Four shells were found in Bedding 102, two of which are rocky-shore species that are naturally found near the excavation site: Phorcus turbinatus (Born, 1778) and Spondylus gaederopus (Linnaeus, 1758). Both species are common in the Mediterranean Sea,and one of them, P. turbinatus, is edible. The other two shells belong to the species Pinctada margaritifera (Linnaeus, 1758), known as the black-lip pearl oyster, a species of the Indo-Pacific Ocean. This species has the luster characteristic of mother-of-pearl. Both fragments are engraved, and the edges of the shell are shaped and smoothed (Figs. 16, 17). While only fragments of the edges of the original objects were found, it is known from more complete examples that such objects usually present a central image surrounded by geometric or naturalistic designs. The present two specimens preserve only edge fragments with the peripheral decoration. Engraved shells were produced as pilgrim souvenirs in local workshops at Bethlehem and Jerusalem during the nineteenth century. The characteristic motifs of these pilgrim souvenirs were crosses, rosaries and religious scenes, such as the birth of Jesus, Maria with various saints and the Last Supper. Some of these souvenirs were exported to Catholic countries by Venetian merchants via the port of ‘Akko (Schur 1998). It is possible that the engraved P. margaritifera shells found in the present excavation were part of this trade.

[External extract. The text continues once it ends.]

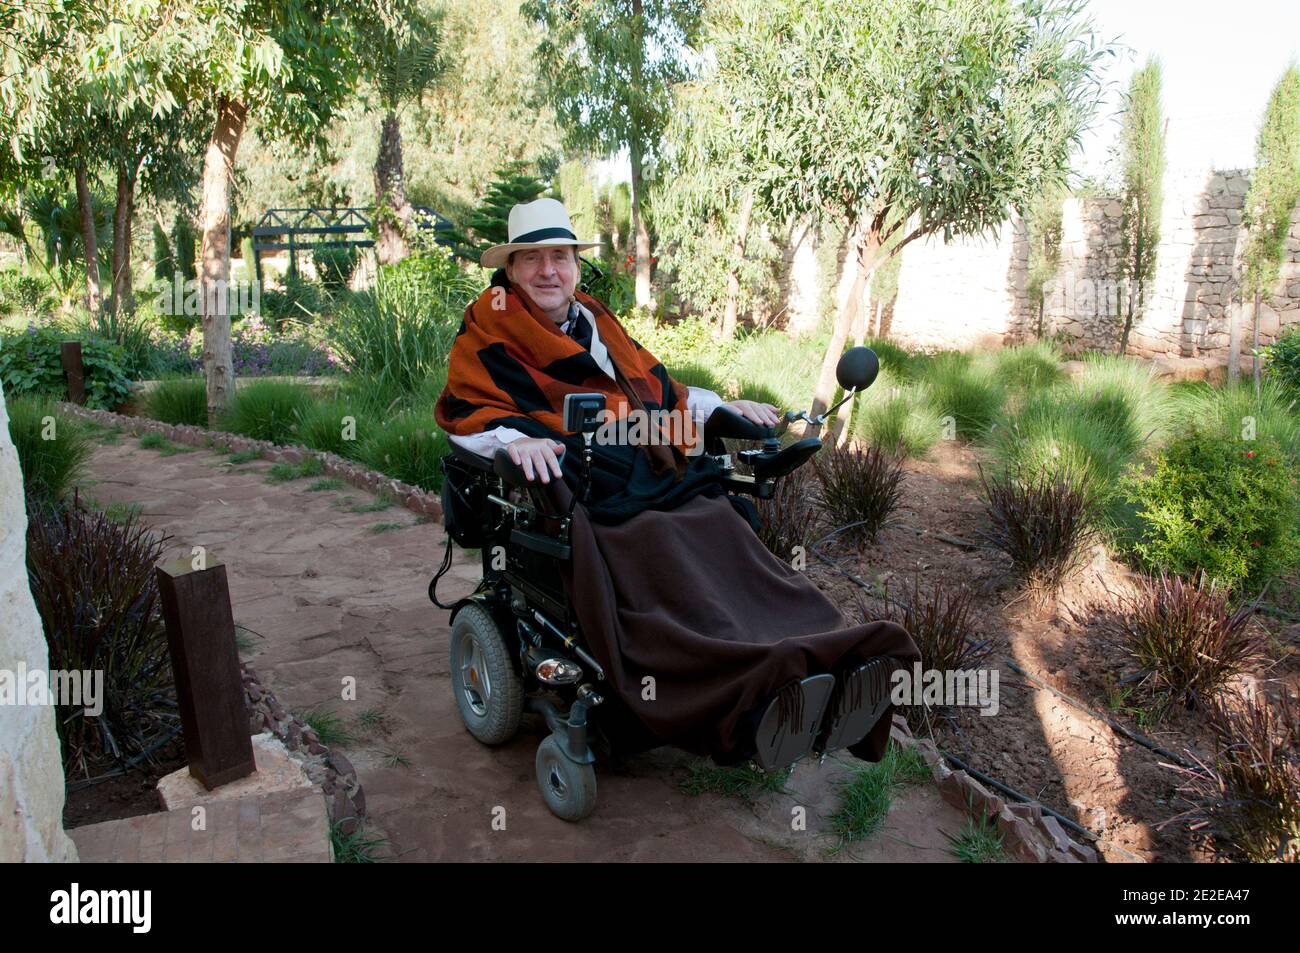 EXCLUSIVE - Philippe Pozzo di Borgo, who became quadriplegic after a paragliding accident in 1993, poses at his home in Essaouira, Morocco, November 15, 2011. His story inspired the movie 'Intouchables' directed by Olivier Nakache and Eric Toledano, released in France on November 2011, in which the actor Francois Cluzet plays his role and actor Omar Sy plays Abdel Seliou's role. In France, the movie reached 10 million of filmgoers. Photo by William Stevens/ABACAPRESS.COM Stock Photo

The soil fill within the excavation area accumulated during the nineteenth century. Subsequently, a wall was built, perhaps to support the northern wall of Khan el-‘Umdan or as part of another building. The large number of fragments of smoking pipes, the several sherds of coffee cups and the sherds of other imported fine ceramics suggest that a coffee shop was located nearby. The pavement uncovered above the nineteenth-century fill might have been laid down in this area during the construction of Khan el-‘Umdan or later. The ceramic assemblage attests to the existence of trade connections with other parts of the Ottoman Empire and Europe. Finally, the excavation findings neither confirm nor contradict the presence of an inner harbor.